Editor’s Note: Scott Jennings, a CNN contributor and Republican campaign adviser, is a former special assistant to President George W. Bush and a former campaign adviser to Sen. Mitch McConnell. He is a partner at RunSwitch Public Relations in Louisville, Kentucky. Follow him on Twitter @ScottJenningsKY. The opinions expressed in this commentary are his own. View more opinion articles on CNN.
President Joe Biden’s speech Thursday night contained a long section about “the truth,” and he said the truth is that the only way to get our lives back to normal is to “beat the virus.” If he believes that, why did so little of the Covid relief bill he signed today go toward doing just that?
The merits of this bill are more than debatable, as less than 10% of the $1.9 trillion plan is spent on direct Covid spending and just 1% is for vaccine distribution.
While it was sold as a Covid relief package, it is hard to see how bailing out the City of San Francisco to the tune of $600 million, spending $100 million at the US Environmental Protection Agency to “address health outcome disparities from pollution and the Covid-19 pandemic,” or another $20 million for “to ensure the survival and continuing vitality of Native American languages during and after the public health emergency…with respect 15 to the COVID-19 pandemic” is worth further mortgaging our children and grandchildren’s future with all this new debt.

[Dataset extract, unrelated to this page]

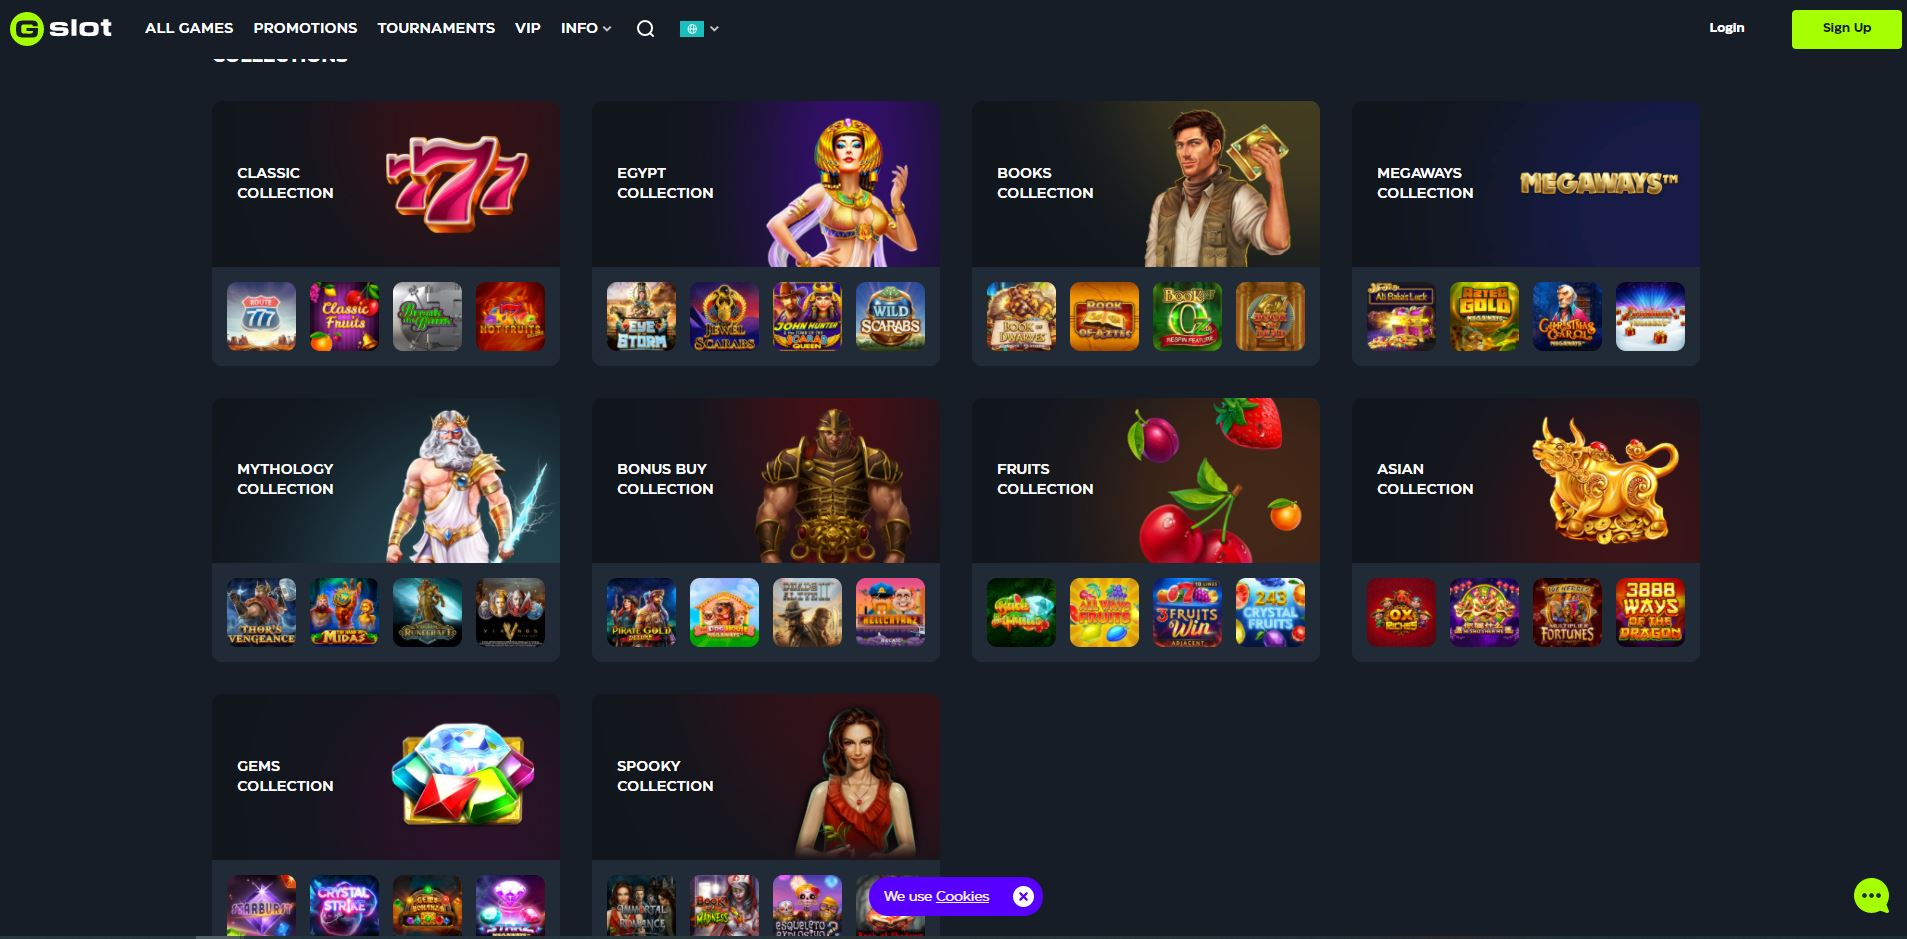 Gslot Casino Collection Screenshot

Biden closed by again talking about “the truth” as he prepares to hit the road to sell a piece of legislation that has already passed and been signed into law. We’ve been inundated with polling that claims the American Rescue Plan is overwhelmingly popular, so why go to such lengths to sell it now?
Because the word is out – the bill has little to do with Covid relief. A $1,400 check is not going to lift anyone out of poverty, despite slobbering to the contrary. The cold political truth is that the economy is already improving without the bill, but Biden wants to connect that improvement with legislation that will have little to do with our recovery.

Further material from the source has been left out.